Au début de ma carrière, nos collectivités développaient des politiques actives de maîtrise foncière qui garantissaient le contrôle de la construction de la ville. Nous n’en avons plus les moyens. Les conséquences sociales, urbaines et architecturales sont gigantesques. Les moyens financiers pour investir dans la construction de la ville ont été transférés au privé.

Les dirigeants des entreprises avec lesquels j’ai régulièrement des échanges – celles qui tirent leurs bénéfices des marchés publics – me font part de leurs capacités immenses de financement. Les valeurs fondatrices du service public s’affichent sur toutes les pages d’accueil des sites internet des groupes privés. Les promesses n’engagent que ceux qui les écoutent !

Fiscalité mal prélevée

Mon expérience me conduit à partager l’analyse proposée par l’économiste Clément Carbonnier, lors des universités de Deauville, qui souligne que la seule question de l’assiette de la fiscalité n’est pas pertinente, mais que cette fiscalité est mal prélevée.
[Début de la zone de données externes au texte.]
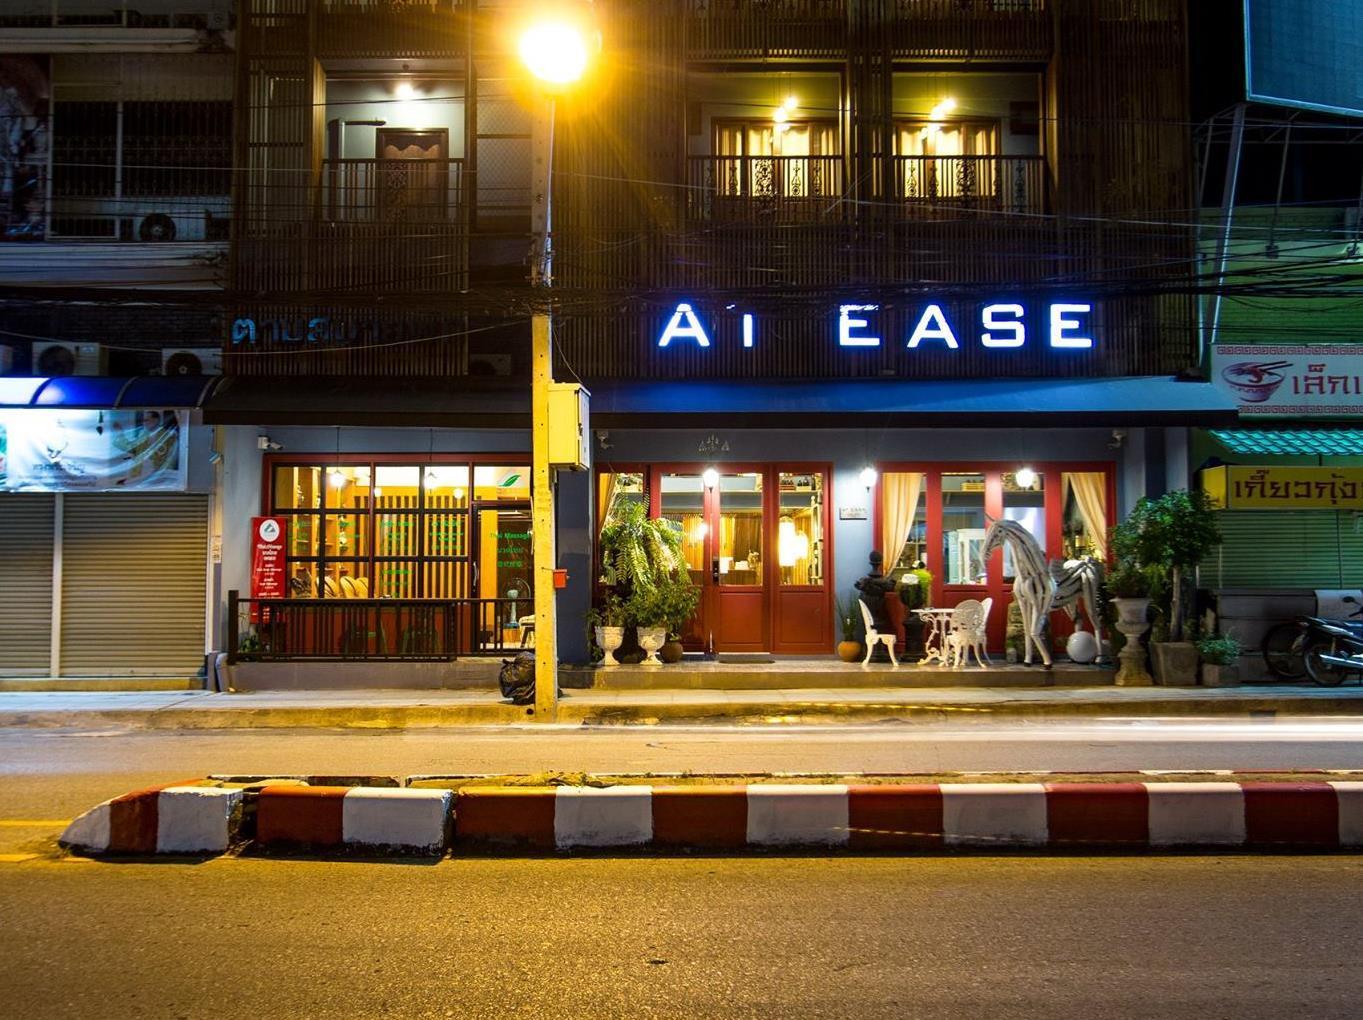 ค้นหาและจอง แอท อีส บีจู เพลซ (At Ease Bijou Place)

La décorréler du territoire relève de la même logique que celle de la diminution de la ressource publique. Il s’agit d’opérer un transfert progressif vers le privé de la maîtrise de l’espace public. Pour engager des projets cohérents de territoire, l’élu local doit contrôler les ressources qu’ils induisent.

La loi n°2019-828 du 6 août 2019 de transformation de la fonction publique [3] relève à mon sens de la même problématique. Il s’agit en vérité de la place et de l’avenir des services publics que nous souhaitons pour notre pays.

Notes

L’ EPT du Grand-Orly Seine Bièvre est un établissement public territorial de 24 communes du sud parisien (1 600 agents, 696 400 habitants).